README.md

# Khafra Search

Khafra has changed from a deployment handler search clusters to managing real time search
data in a cluster based on Ecto & SQL schemas and behaviours.

Features:

  * Implements core functionality of Manticore & Sphinx Search through Giza
  * Behaviour to back your [Ecto Schemas](https://hexdocs.pm/ecto/Ecto.html) with search tables
  * Behaviour to back [SQL tables](https://github.com/elixir-dbvisor/sql) with search tables
  * Automated distributed table creation
  * Timed and executable tasks for refreshing search data
  * RabbitMQ queue supported for mass distributed updates

Khafra includes the [Giza Sphinx Client for Elixir](https://hex.pm/packages/giza_sphinxsearch) 


## Installation

```elixir
def deps do
  [
    {:khafra_search, "~> 0.3"}
  ]
end

# Add to your application or supervisor
def start(_type, _args) do
    import Supervisor.Spec

    # List all child processes to be supervised
    children = [
      ...,
      Khafra.Supervisor
    ]

    opts = [strategy: :one_for_one, name: YourApp.Supervisor]
    Supervisor.start_link(children, opts)
  end
```

### Optional

Install RabbitMQ to enable queuing operations. This is the only supported queue for now.
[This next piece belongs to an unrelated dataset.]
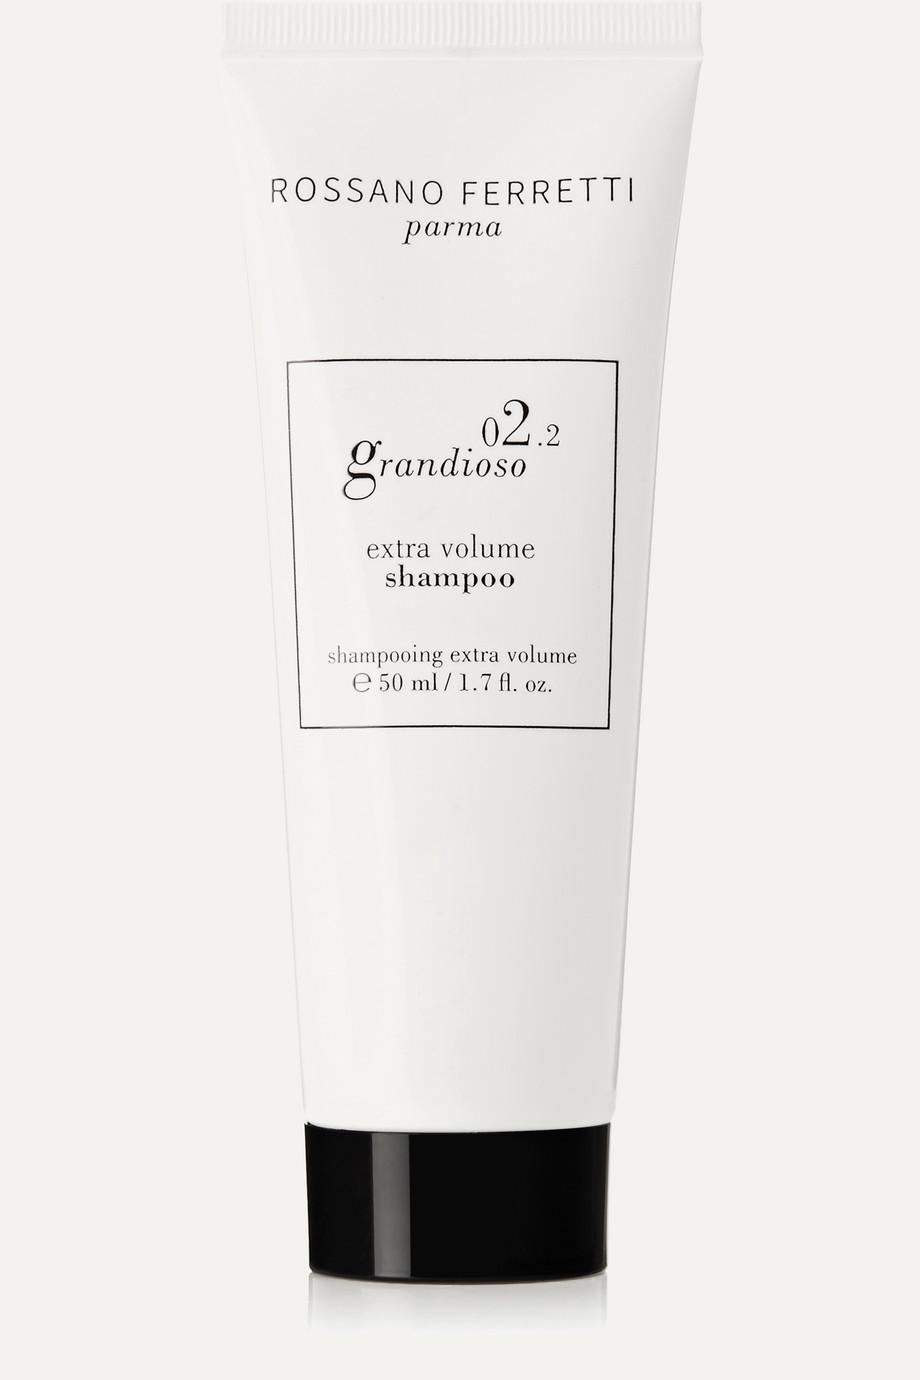 ROSSANO FERRETTI Parma Grandioso Extra Volume Shampoo, 50 ml – Volumenshampoo
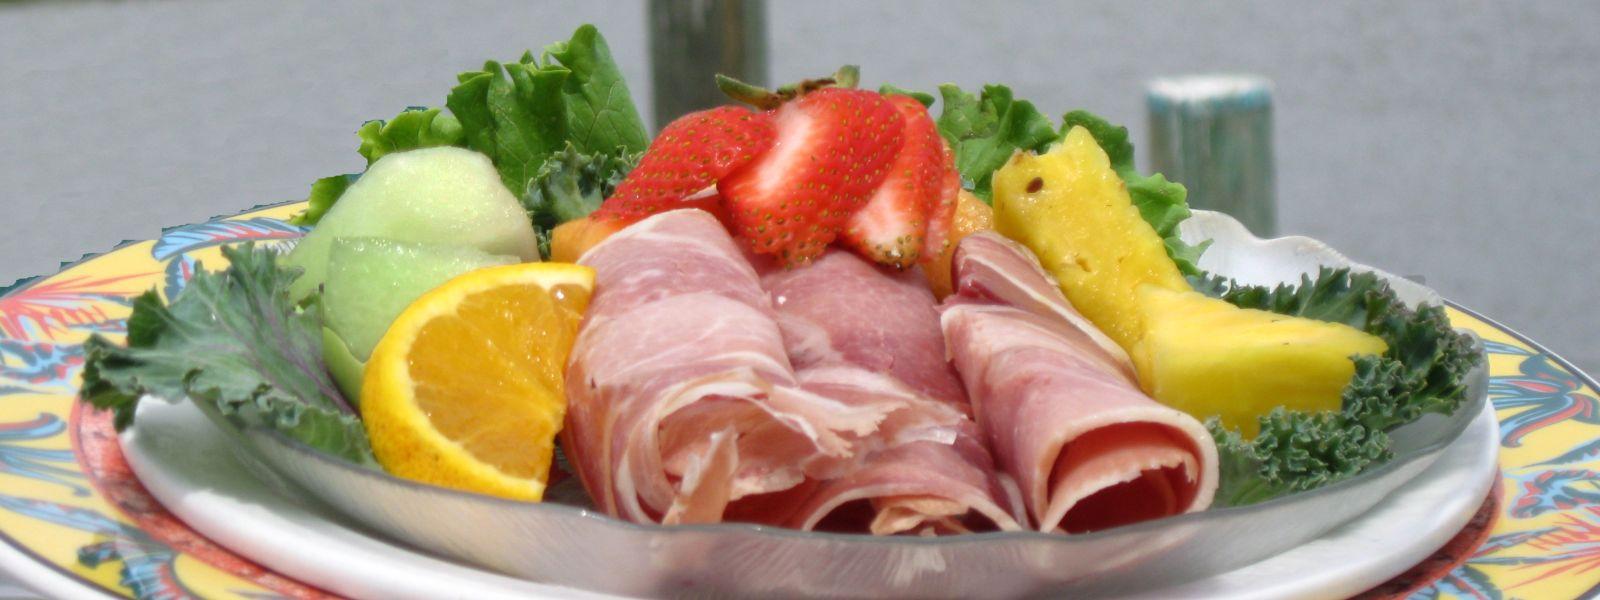 Ham Platter from the Smithfield Station

The default is streaming or immediate operations so queueing is not necessary.

## Search Behaviours

Khafra exposes two behaviours that mark a module as backable by a real-time
search table. Implement one of them on the schema/module that represents your
data, and Khafra will create a matching Manticore table on startup and keep it
in sync as rows are inserted or updated through `Khafra.insert/2` and
`Khafra.update/2`.

### `Khafra.SearchBehaviour` (Ecto)

For modules using `Ecto.Schema`. The behaviour requires a single callback,
`index_fields/0`, returning the list of schema fields that should be indexed
for full-text search. The schema's `@source` (table name) is used to derive
the Manticore table and its `_dist` distributed alias.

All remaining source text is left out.